Fact Check

Breast Milk Drank by Co-Worker

Did your coffee taste a little bit special this morning?

Published Nov. 10, 1998

Claim:

Claim:   A woman just returned from maternity leave circulates a chiding memo after someone helps himself to the "special" milk she's left in the office refrigerator.


LEGEND


Example:   [Collected on the Internet, 1997]


"Whoever used the milk in the small plastic container that was in the refrigerator yesterday, please do NOT own up to it. I would find it forever difficult to meet your gaze across a cafeteria table whilst having a discussion about Java applets or brand identity. Just be aware that the milk was expressly for my son, if you get my drift. I will label these things from now on, but if you found your coffee tasted just a little bit special, you might think of calling your mom and telling her you love her."

 

Origins:   This memo was in circulation at least as far back as October 1996. It has since been passed around in

Milk carton

cyberspace both in e-mail and on newsgroups, and it has escaped to the offline world via morning radio shows and newspaper articles.

Its appeal is easy to understand — there is something inexplicably icky about one grown-up drinking the breast milk of another. Though we think nothing of imbibing cow's milk, the thought of downing human milk is, well, oddly disturbing. That this supposedly happened between co-workers makes it all that more embarrassing to contemplate, because the guilty party will be coming face to face with the "donor" on a daily basis.

The memo is often described as having come from "a woman at our interactive advertising agency recently returned from maternity leave." Neither the name of the agency nor the woman's is given, rendering impossible the pinning down of the story's veracity.

Though most appearances of the memo quote the woman as saying "whilst having a discussion about Java applets or brand identity," at least a few have her mentioning "a discussion about the last monthly trends or perceptual study." This item of faxlore has

clearly been monkeyed with a bit, most likely to better fit the company where this supposedly happened. (The story wouldn't fly very far if it were claimed to have happened at an interactive advertising agency a firm was using when it was common knowledge that firm wasn't engaged in anything like that. Equally, talk of Java applets wouldn't wash in an office that considers One-Write cutting edge.)

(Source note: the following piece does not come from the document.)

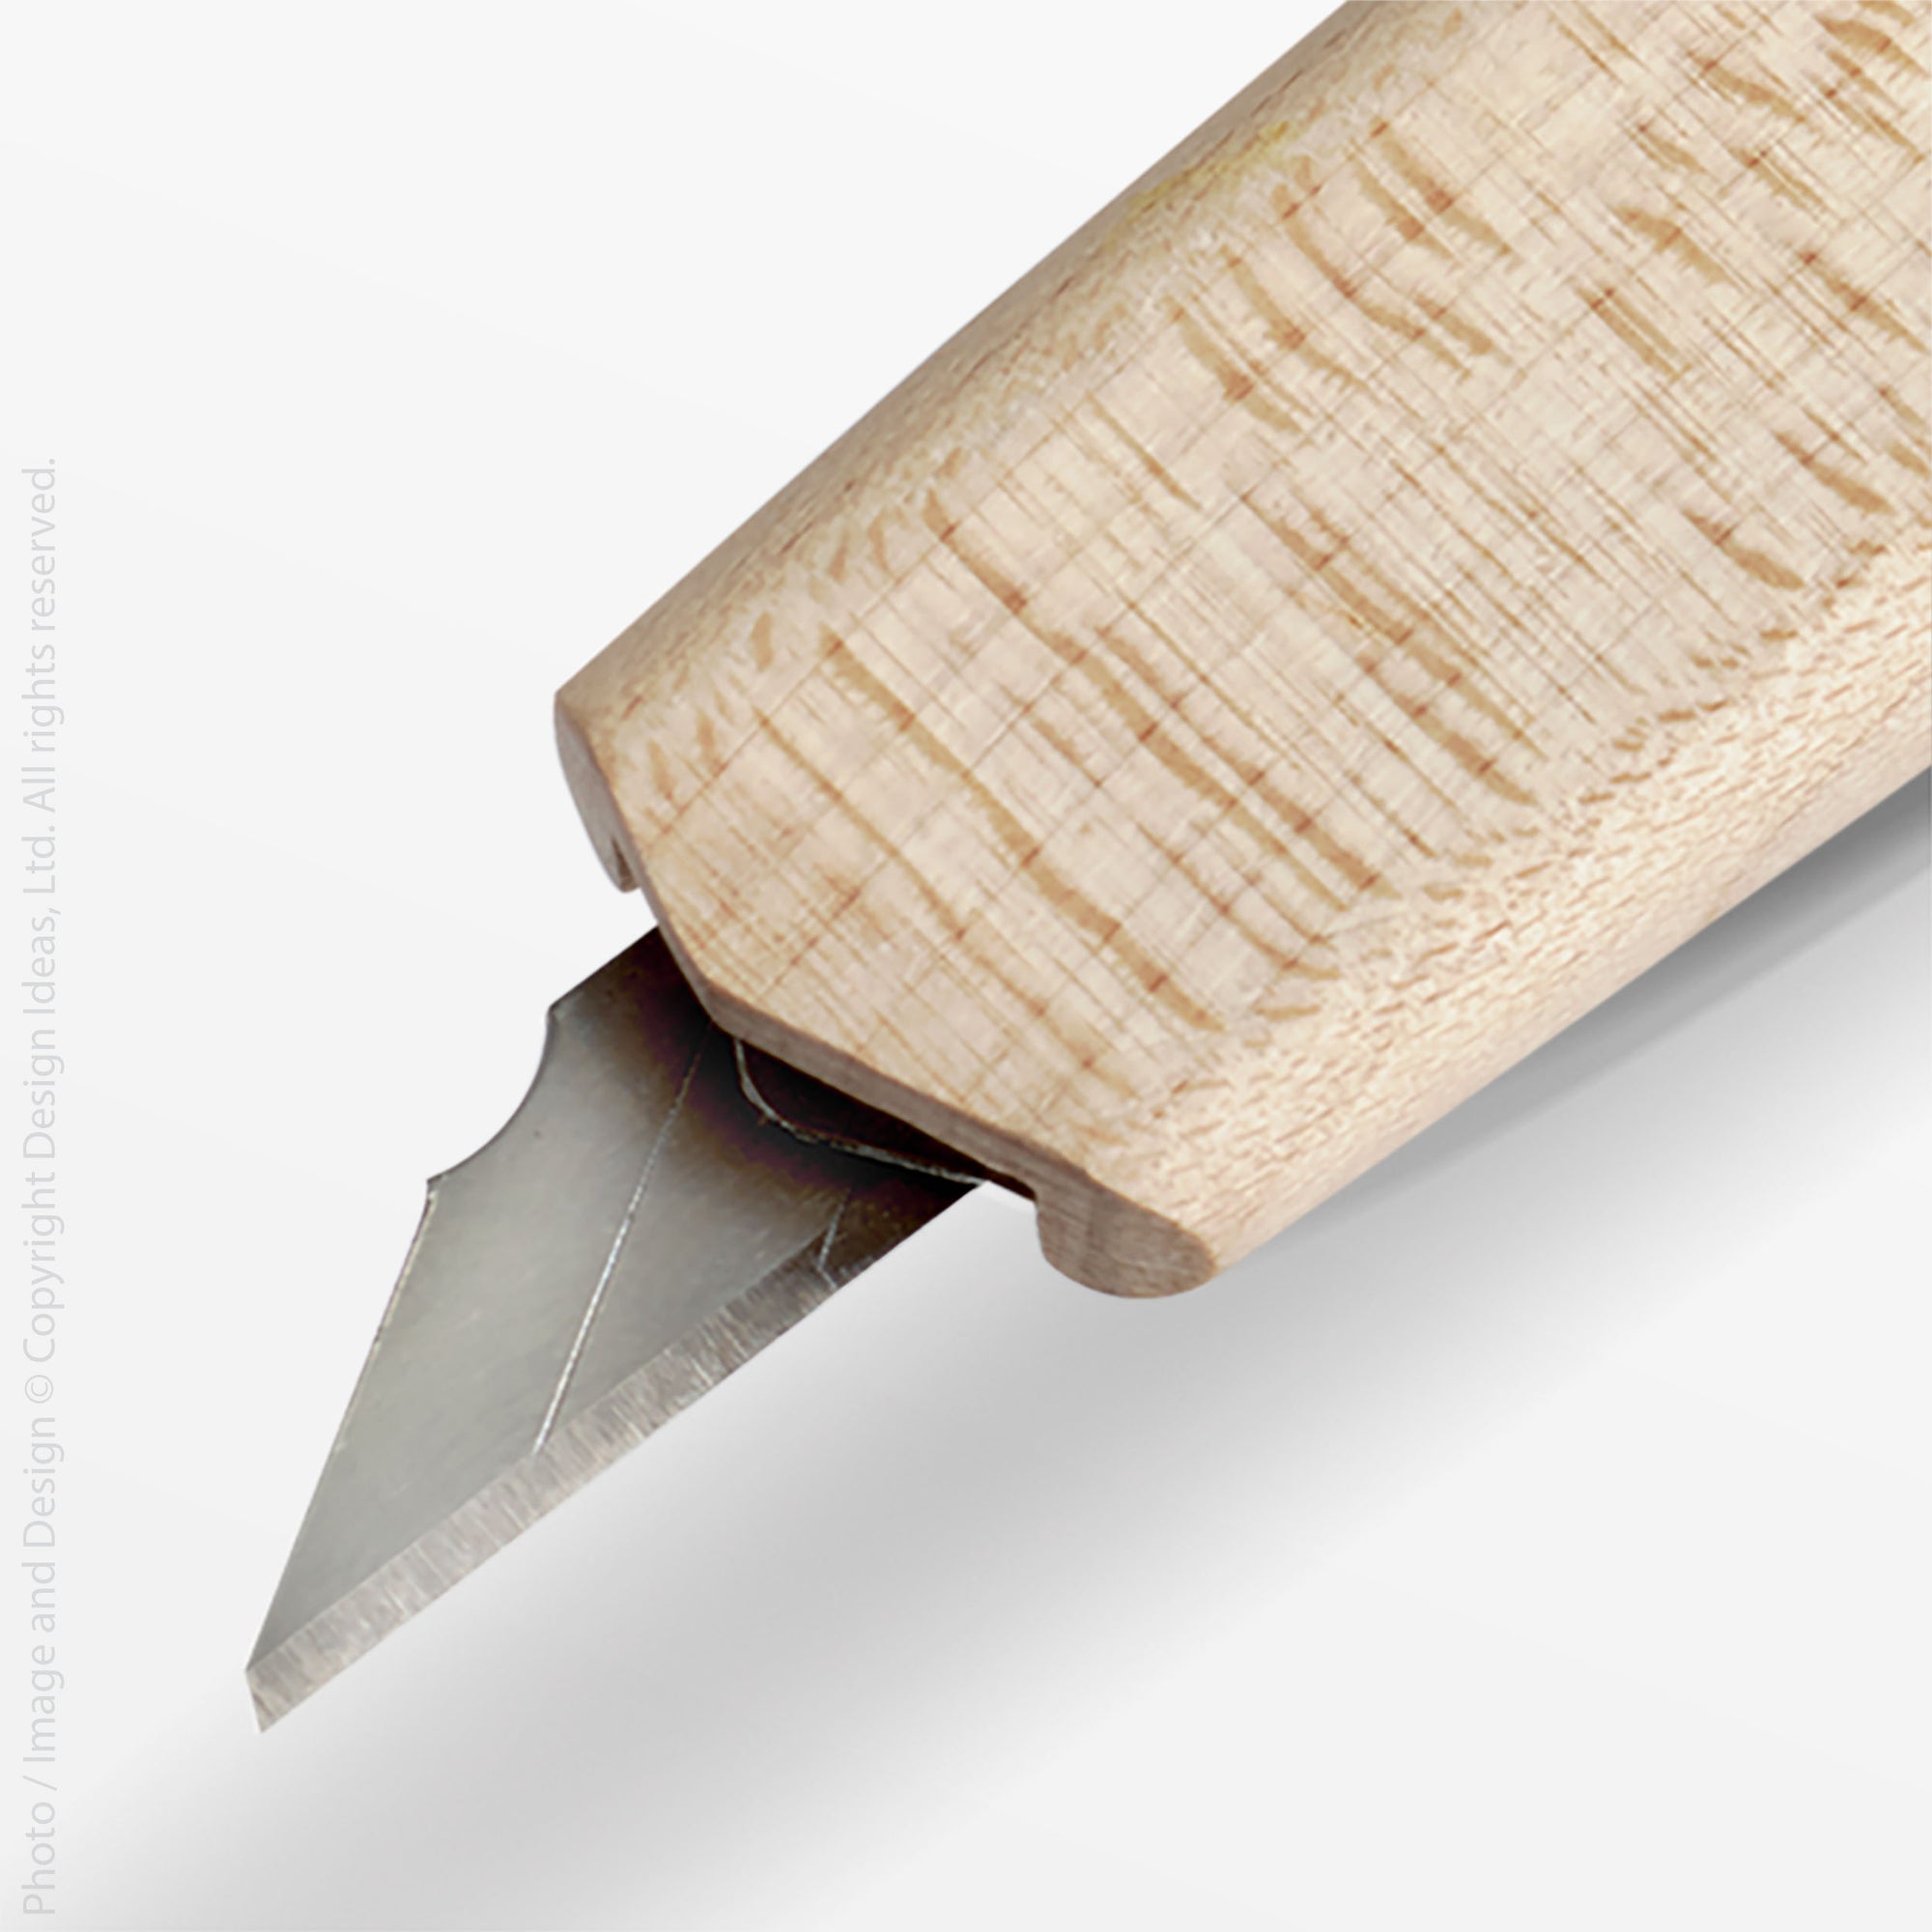 Upland™ Hand Sanded Sycamore Utility Knife
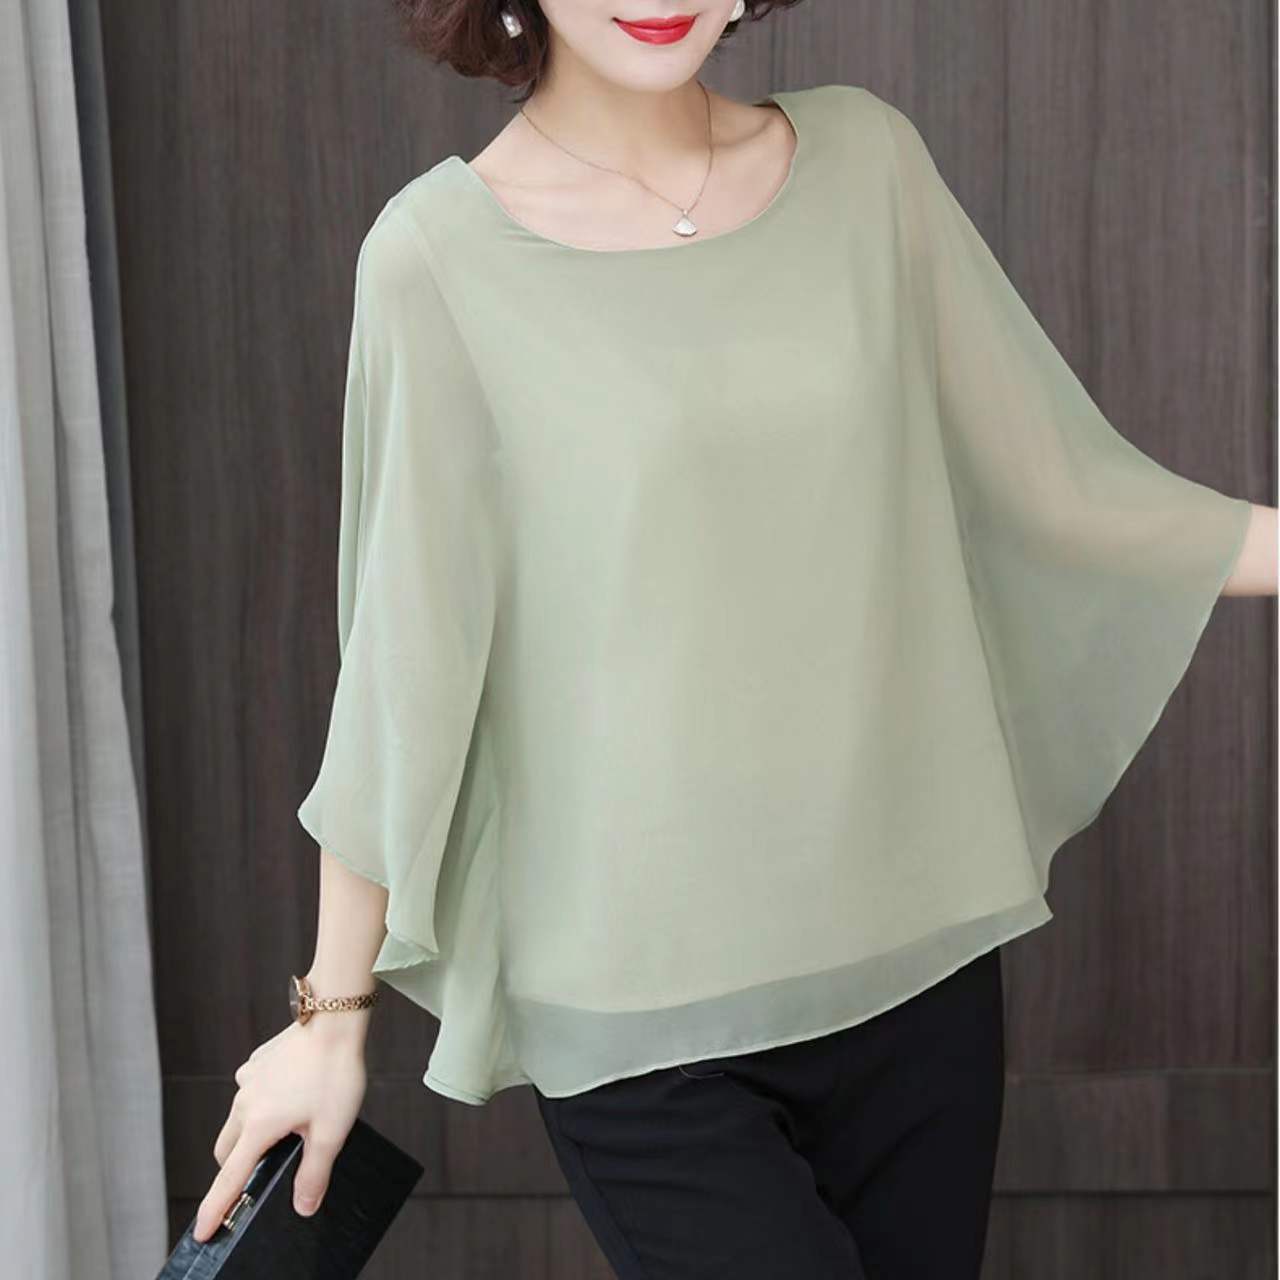 Batwing Shirt Summer Women's Loose T-shirt Small Shirt 2022 Spring and Summer Large Size Anti-Wrinkle Elegant Chiffon All-Matching Super Fairy Top

The office refrigerator is the scene of many unthinking (and occasionally premeditated) transgressions. Milk you thought would be there for your late morning coffee disappears from the container, and indeed some days your lunch seems to swallow itself — it's certainly not there when you go looking for it. Picturing a refrigerator raider getting his comeuppance in this fashion is deeply satisfying: What could be more socially awkward than having to face, day after day, the woman whose breast milk you pilfered?

A Reader's Digest "Campus Comedy" entry from the early 1970s gives a gentler, yet recognizable, version of the legend. It tells of a note left on the dorm fridge that announced: "Whoever ate the contents of a container marked 'Stanley,' beware. It was my biology experiment."

This theme of the office pilferer drinking the wrong thing swiped from the refrigerator isn't uncommon, but usually the bodily fluid in question is urine, not milk. (A well-remembered scene in the TV show Hill Street Blues has Lt. Hunter drinking what he thinks is apple juice, then pulling a face just as Lt. Goldblume addresses the room with, "All right; which one of you clowns took my urine sample?")

A related legend Brunvand calls "The Stolen Specimen" takes place outside of the office. A urine sample to be transported to a lab is stored in a liquor bottle, and the bearer is relieved of it by a thief. Again, the enjoyment of the legend comes from being able to picture the wrongdoer getting a mouthful he'd much rather not have.

Barbara "milk of human kineness" Mikkelson

Last updated:   19 July 2011


Sources:




    Brunvand, Jan Harold.   The Choking Doberman.

    New York: W. W. Norton, 1984.   ISBN 0-393-30321-7   (pp. 127-130).

    Brunvand, Jan Harold.   The Mexican Pet.

    New York: W. W. Norton, 1986.   ISBN 0-393-30542-2   (pp. 89-90).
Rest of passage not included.